素早く追いかけると、流された魔物三十万が“休景の龍湖”の中心地に貯まっていた。
南側は当初急斜面のすり鉢状だったが、オレが工事しまくって切り立った崖に変貌しているため、そう簡単には上ってこられない。
南側の崖上に移動して確認すると、湖の水深は三十メートルにも達したようだ。
魔物が次々と沈んでいき、これまでに経験したことの無いスピードでログが流れていく。
死んだ魔物を踏み台にして助かろうとする賢いやつもいたため、【水魔法士】第十の魔法『渦潮』を【魔流躁士】の助けをかりて湖を巨大な洗濯機みたいにして水を荒れさせることで妨害した。
すごい勢いでMPが減っていく荒技だが、効果はてきめんだった。魔物が次々飲み込まれ沈んでいきログが更新されていく。
MPはこの作戦に全て注ぐつもりなので問題ない。どんどんやる。
この作戦で人型、獣型を初めとした大部分を殲滅することが出来た。
残っているのは溺れにくい爬虫類型、虫型、植物型の魔物だ。
特に飛べる虫型の魔物が厄介極まりない。
【風魔法士】第十の魔法『下降気流』で打ち落とす。
全ての魔物が水流に巻き込まれているのを崖の上から確認すると。
オレは最後の一手を発動した。
「――しめるよ。【崖崩士】第十三のアーツ『崩壊大層』!」
オレの持つ最強の職業【崖崩士】。そのあまりある破壊力を足の裏に展開し、そして緋色のエフェクトを発するそれで大地を踏み砕いた。

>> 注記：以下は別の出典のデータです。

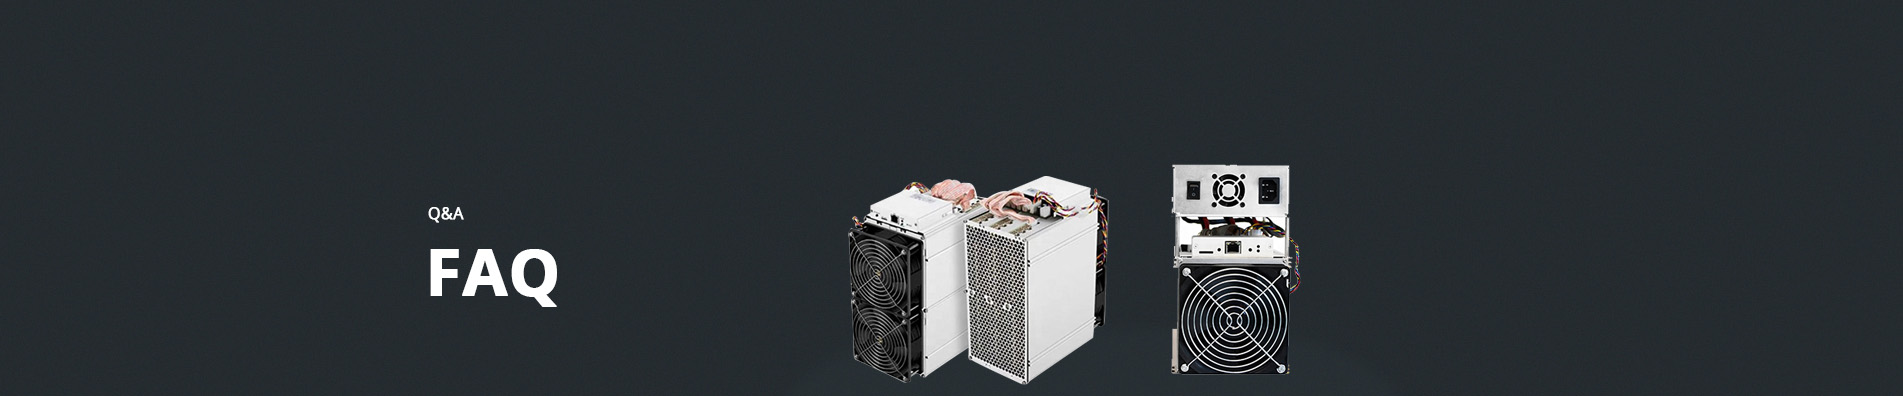 AvalonMiner 1246 Second hand

オレを中心に南側全ての壁に巨大な亀裂が入っていき、切り立った崖が崩壊した。
“休景の龍湖”の中心地に向かって崩れていく崖崩れ。
すぐにその場を離れ、警戒しながら崖崩れが収まるのを待った。
三百メートルの崖崩壊の威力はすさまじく、中心地を簡単に飲み込んでしまう。
足りないようなら『空間収納理術』に溜め込んだ土砂も降らせて追撃しようと思っていたが、必要は無かったようだ。
“休景の龍湖”は岩石で埋まり、ログの流れがストップする。
『長距離探知』を発動するが、反応する魔物は、ほぼ消えた。
こうして、スタンピード第五波、第六波の討滅はなされた。
《特殊条件を満たしたため特別職業【勇者】を獲得しました》
《特殊条件を満たしたため特別職業【賢者】を獲得しました》
今日はレビュー&初ランキング入り感謝祭ということで三話更新させていただきました!
いかがでしたでしょう、満足していただけたら幸いです。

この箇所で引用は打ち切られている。